Raman study of low frequency lattice modes in dipalmitoylphosphatidylcholine (DPPC) multilayers

Low frequency Raman spectra (6–30 cm−1) of macroscopically ordered multilayers of dipalmitoylphosphatidylcholine (DPPC) were taken as a function of temperature (80–270 K) and for different water contents. A weak band is observed which is shifted from 18.5 to 14 cm−1 between 80 and 270 K. This band is shifted to lower frequencies with increasing water content. In addition, a strong background appears at the Rayleigh line position which grows strongly with increasing temperature.
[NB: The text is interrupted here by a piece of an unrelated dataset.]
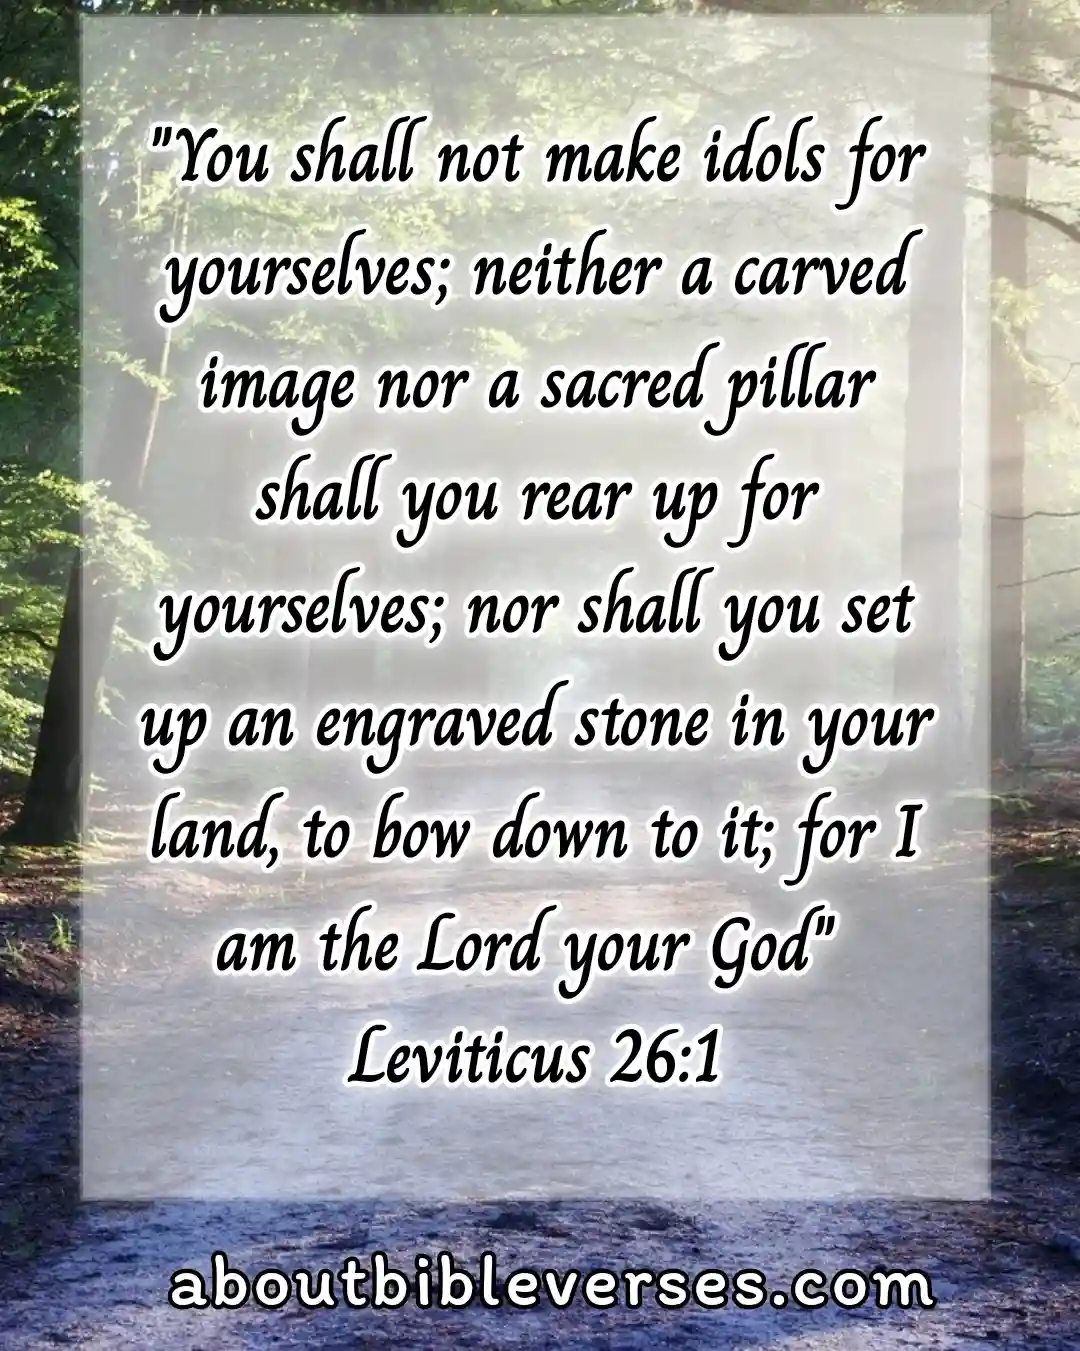 bible verses about idolatry (Leviticus 26:1)
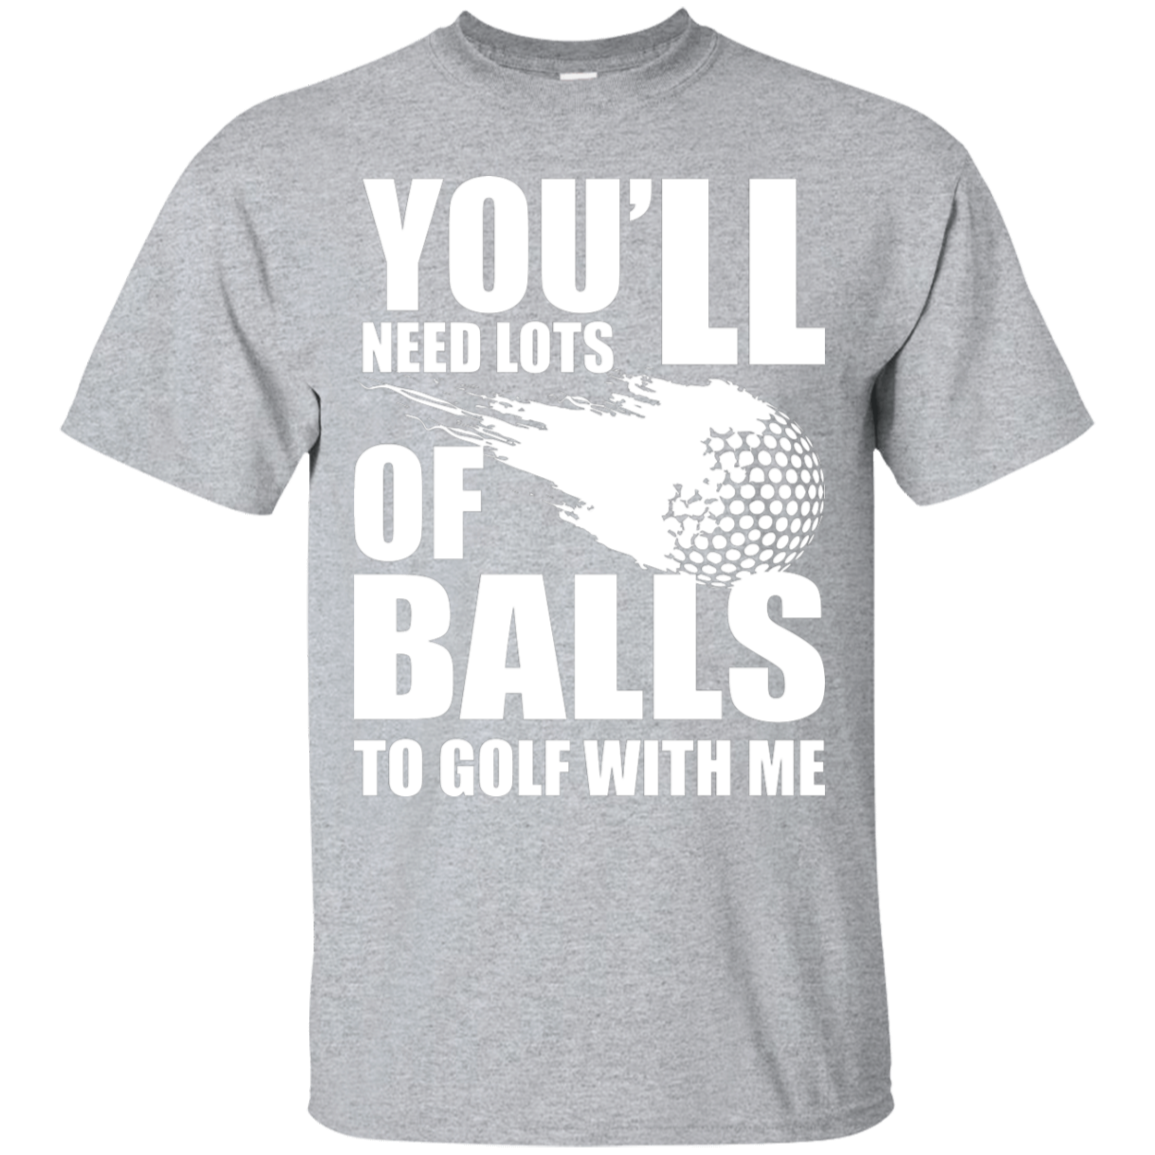 You'll Need Lots Of Balls Play Golf With Me T-Shirt Apparel - The Beer Lodge

The low frequency band can be explained (1) in terms of an optical mode associated with an antiphase in-plane vibration of two opposing monolayers or it can (2) be attributed to rotational vibrations of the hydrocarbon chains. The softening of this band is attributed to a decrease in the chain orientational order with increasing temperature. The increasing rotational freedom is expected to cause a transition from a monoclinic or orthorhombic to a hexagonal lattice and eventually triggers the Lβ′ → Lα chain melting transition (at T=340 K for 5.3 wt. % of water). The appearance of the background can also be attributed to an increasing anharmonicity of the lattice potential upon approaching the phase transition, which leads to mode coupling. The possibility of ferroelectric order due to a collective orientation of the dipole moments of the C–O groups of the glycerol backbone is discussed.